Was Mordichai a proto-blogger?

In the post beneath this one, Rafi imagines the shaloshudis muttering in old Shushan Habirah

Why does that Mordecai guy have to make so much trouble for us? Can't he just bow down to Haman like the rest of us and get it out of the way? Why does he rock the boat? Does he think God speaks to him more than to us? All he does is make trouble, while we just want to be left alone to live our own lives quietly. Why does he have to be sucha fanatic and make trouble for the rest of us?"
This is cute, but not in keeping with the midrash cited in Yalkut Shimoni 953 which says the people who objected to Mordecai's behavior were not the common people, but the rabbinic judges, the gedolim of the time. According to this Midrash the עבדי המלך who said to Mordecai in 3:3 "Why do you transgress the king's commandment" were not courtiers of the King of Persia, but servants of the one true King. The rules Mordecai was transgressing, in their view, were not the laws of the kingdom, but the laws of the Torah. They argued that bowing to a king is permitted. They reminded him that Yaakov had bowed to Esav. They told him the survival of the Jewish people was at risk unless Mordecai acquiesced to their ruling.
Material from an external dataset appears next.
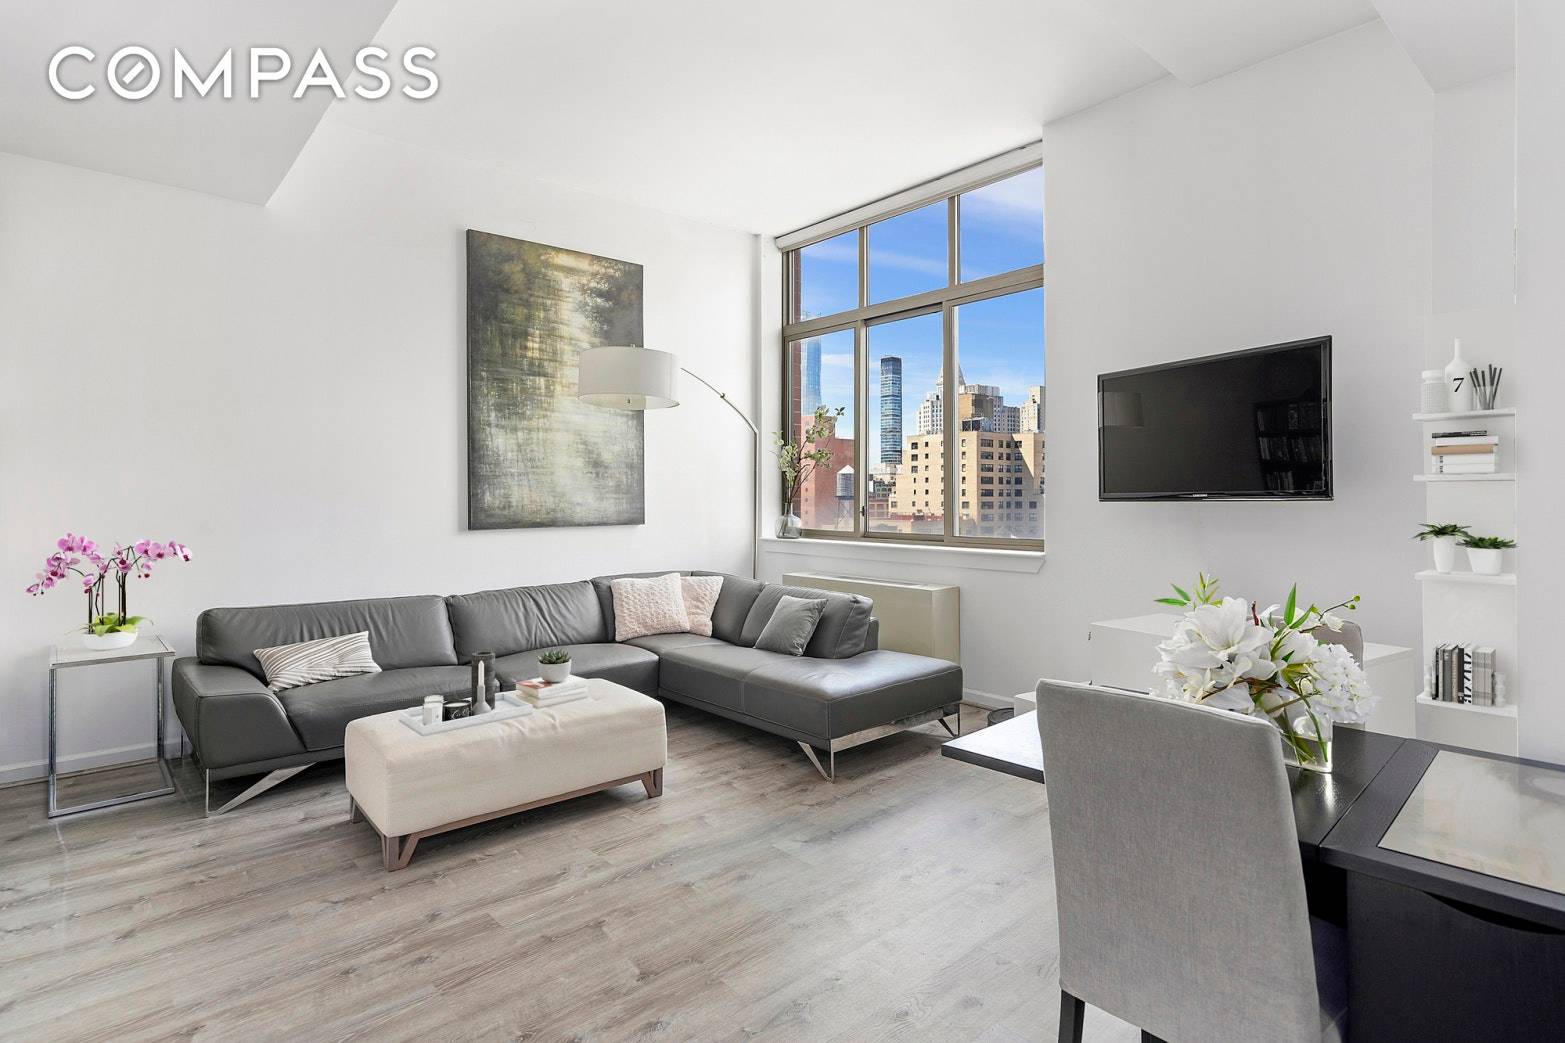 Penthouse Perfection ! Welcome home to this 1, 130 sqft 2 bedroom, 2 bathroom boasting expansive city views featuring the Empire State Building and The Freedom Tower to the South ...
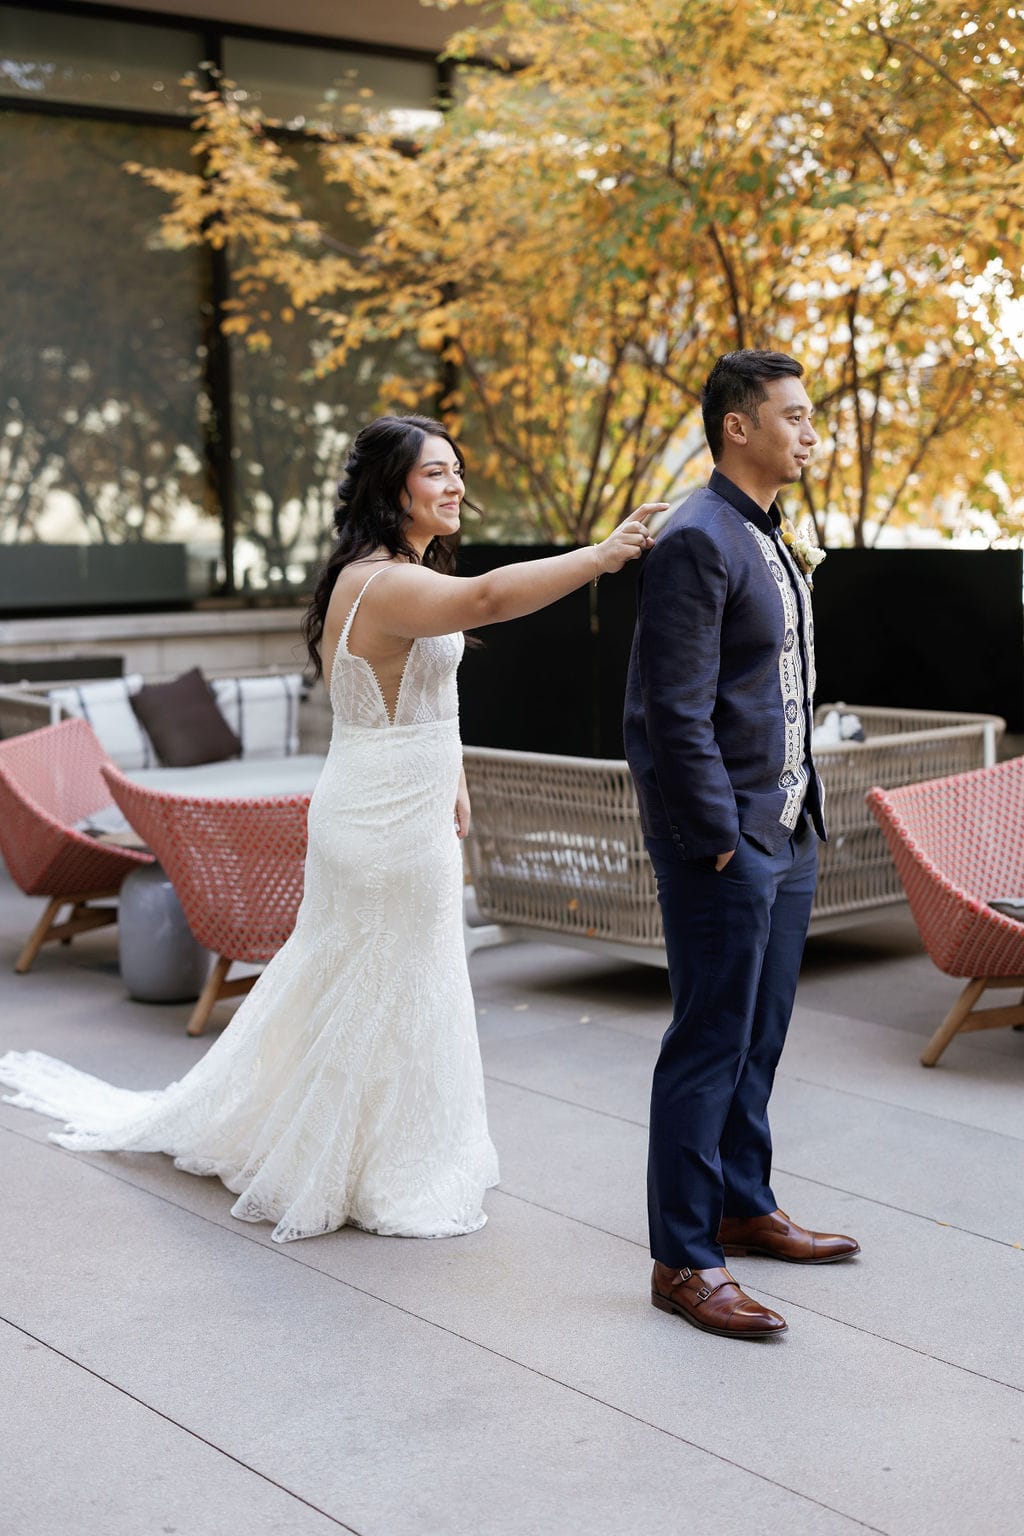 Bride and Groom First Look at Limelight hotel in downtown denver on their patio overlooking union station

ומרדכי לא יכרע ולא ישתחוה׃
But Mordecai did not bow and did not show homage.

In this Midrash, the pressure on Mordecai to bow comes not from gentile leaders but from the Jewish establishment. They are the ones Mordecai resists. Though Rafi sees Mordichai as a champion of "authentic Judaism" (whatever that might be) this Midrash sees Mordecai as an opponent of the old ways, as a protester and a rebel. In fact, others have pointed out the language used to describe Mordecai's non-compliance echos Berashis 39:10, where we're told that Yosef rejected Potiphar's wife. The words there are ויהי כדברה אל יוסף יום יום ולא שמע אליה. Here we're told that Mordecai rejected the wishes of the עבדי המלך and the words are: ויהי באמרם אליו יום ויום ולא שמע אליהם. This similarity suggests that Mordecai, like Yosef, was resisting the conventions of the land, and the demands of the powerful.